AUKUS and the new militarism

By Mark Beeson, Kanishka Jayasuriya and Sian Troath

Published by Melbourne University Publishing
RRP $39.99 in paperback
ISBN 9780522881868

‘AUKUS is the work of confused minds grasping at straws, desperately searching for relevance in a world that has passed them by.’  

With these words, Joseph Camilleri OAM, Professor Emeritus at La Trobe University, begins the final chapter, one of fifteen individual contributors to this book.

His specialty is international relations on which he has written widely. He calls for Australia to recognise China’s rise from its period of humiliation to resume its rightful role in world affairs.

Other contributors point to the imbalance the cost of AUKUS brings about in the Defence budget.

Could this money be better spent on preparing Defence’s response to natural disasters? Is AUKUS another outcome of what Donald Horne described as a ‘lucky country run mainly by second-rate people who share its luck’.

In September 2021 the Morrison government committed Australia to the single greatest security investment in the nation’s history: the AUKUS partnership with the US and the UK to build nuclear-powered submarines and collaborate on advanced technologies.

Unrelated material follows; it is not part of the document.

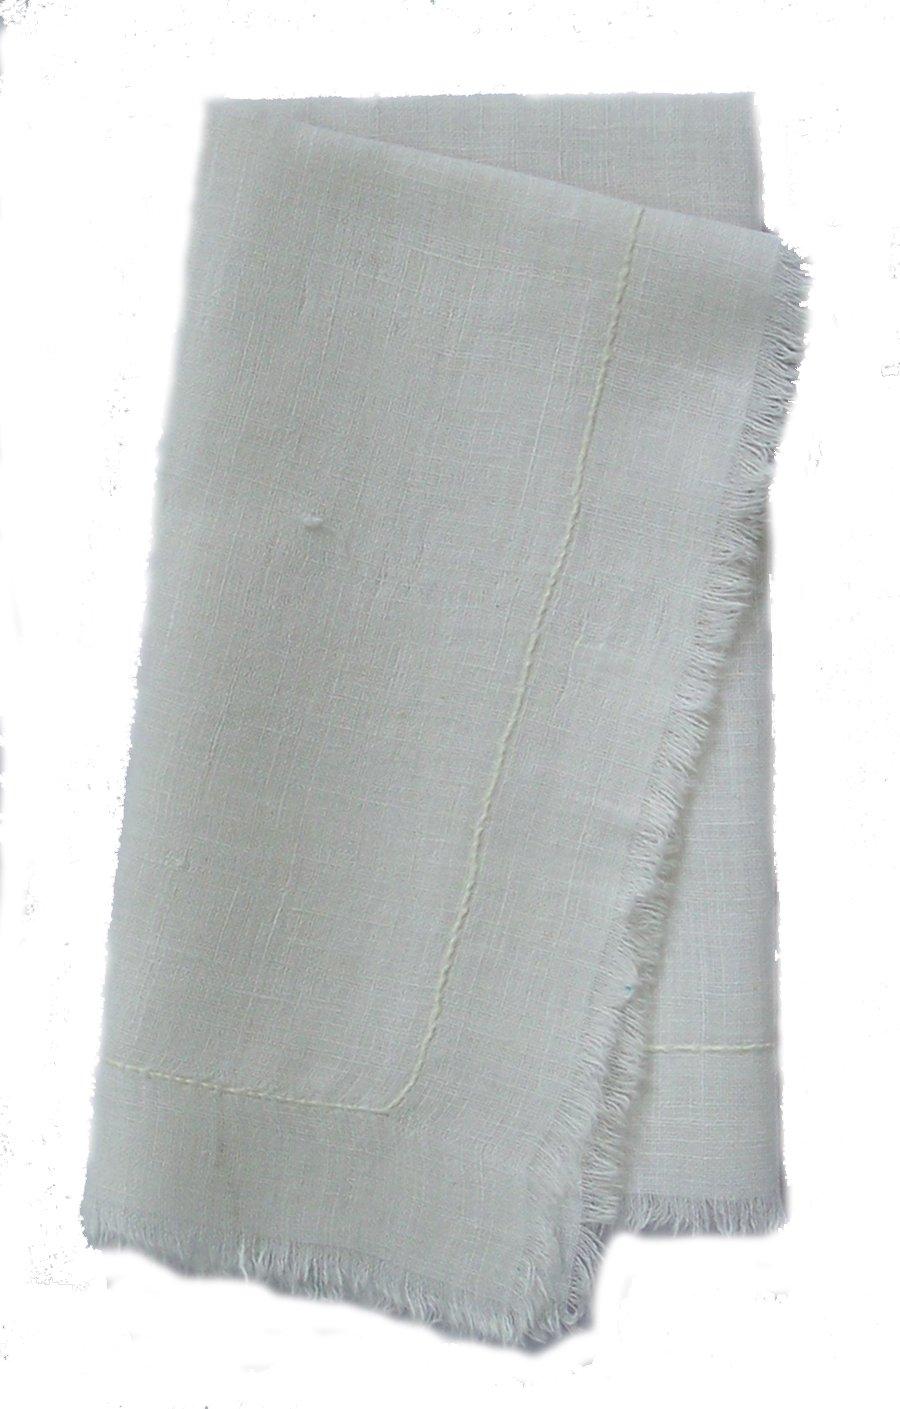 Gitika GoyalホームカーディChikanworkナプキンラインデザイン(セットof 4 ) NAPLINWH  ホワイト B009DSPH6C

Yet there are growing doubts about who will build the submarines and whether they can be delivered at all.

At the heart of AUKUS debate now, the unanswerable question is this:

can the US, with its current administration, be regarded as the stable partner we once all assumed it would be?

In this environment, long term decision-making is overlaid with a new level of uncertainty.

This book aims to explain the politics of AUKUS and place it in the context of wide-ranging global transformations.

It makes a thought provoking and timely contribution to a crucial debate. In the end, history will decide the outcome of AUKUS ambitions. By then, today’s decisionmakers will be long gone from the field of influence.